*** Block opens ***
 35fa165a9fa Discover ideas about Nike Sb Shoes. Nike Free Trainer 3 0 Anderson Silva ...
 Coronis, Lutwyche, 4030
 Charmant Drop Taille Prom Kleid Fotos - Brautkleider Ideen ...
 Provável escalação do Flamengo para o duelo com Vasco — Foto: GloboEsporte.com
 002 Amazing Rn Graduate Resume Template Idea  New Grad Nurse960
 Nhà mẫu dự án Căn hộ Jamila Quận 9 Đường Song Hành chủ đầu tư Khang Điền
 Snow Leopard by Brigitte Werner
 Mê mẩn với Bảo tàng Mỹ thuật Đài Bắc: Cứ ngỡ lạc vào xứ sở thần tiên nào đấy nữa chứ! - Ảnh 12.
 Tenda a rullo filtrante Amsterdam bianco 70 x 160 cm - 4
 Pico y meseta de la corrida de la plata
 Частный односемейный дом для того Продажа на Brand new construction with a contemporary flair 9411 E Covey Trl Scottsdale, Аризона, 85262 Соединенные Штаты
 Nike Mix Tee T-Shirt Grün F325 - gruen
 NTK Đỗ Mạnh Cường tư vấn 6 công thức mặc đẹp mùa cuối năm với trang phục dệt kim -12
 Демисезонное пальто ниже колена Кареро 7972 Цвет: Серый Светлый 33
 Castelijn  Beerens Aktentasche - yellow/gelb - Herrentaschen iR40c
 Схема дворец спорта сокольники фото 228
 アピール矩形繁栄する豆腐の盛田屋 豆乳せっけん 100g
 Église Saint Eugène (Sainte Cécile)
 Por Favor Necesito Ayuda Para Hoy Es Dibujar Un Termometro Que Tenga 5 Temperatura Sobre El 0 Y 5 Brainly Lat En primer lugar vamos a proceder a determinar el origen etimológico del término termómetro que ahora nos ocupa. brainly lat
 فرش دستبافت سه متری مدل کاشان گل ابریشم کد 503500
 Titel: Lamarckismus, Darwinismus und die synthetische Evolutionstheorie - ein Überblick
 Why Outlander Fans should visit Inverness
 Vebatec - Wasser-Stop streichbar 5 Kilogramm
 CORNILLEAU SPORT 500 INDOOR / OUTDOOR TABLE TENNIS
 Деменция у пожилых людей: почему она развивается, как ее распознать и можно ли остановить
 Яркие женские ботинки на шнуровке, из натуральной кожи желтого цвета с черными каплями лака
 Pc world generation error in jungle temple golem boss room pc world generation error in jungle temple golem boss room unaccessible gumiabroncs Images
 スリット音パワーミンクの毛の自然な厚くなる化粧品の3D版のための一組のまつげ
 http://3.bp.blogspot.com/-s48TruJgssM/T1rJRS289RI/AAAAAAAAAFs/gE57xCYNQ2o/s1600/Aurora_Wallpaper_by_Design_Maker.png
*** Block closes ***
| Prompt |
What is needed is a verbatim copy of every line in the records above from the one containing "Схема дворец спорта сокольники фото 228" down to the one containing "Яркие женские ботинки", both included, and nothing more.

| Written solution |
 Схема дворец спорта сокольники фото 228
 アピール矩形繁栄する豆腐の盛田屋 豆乳せっけん 100g
 Église Saint Eugène (Sainte Cécile)
 Por Favor Necesito Ayuda Para Hoy Es Dibujar Un Termometro Que Tenga 5 Temperatura Sobre El 0 Y 5 Brainly Lat En primer lugar vamos a proceder a determinar el origen etimológico del término termómetro que ahora nos ocupa. brainly lat
 فرش دستبافت سه متری مدل کاشان گل ابریشم کد 503500
 Titel: Lamarckismus, Darwinismus und die synthetische Evolutionstheorie - ein Überblick
 Why Outlander Fans should visit Inverness
 Vebatec - Wasser-Stop streichbar 5 Kilogramm
 CORNILLEAU SPORT 500 INDOOR / OUTDOOR TABLE TENNIS
 Деменция у пожилых людей: почему она развивается, как ее распознать и можно ли остановить
 Яркие женские ботинки на шнуровке, из натуральной кожи желтого цвета с черными каплями лака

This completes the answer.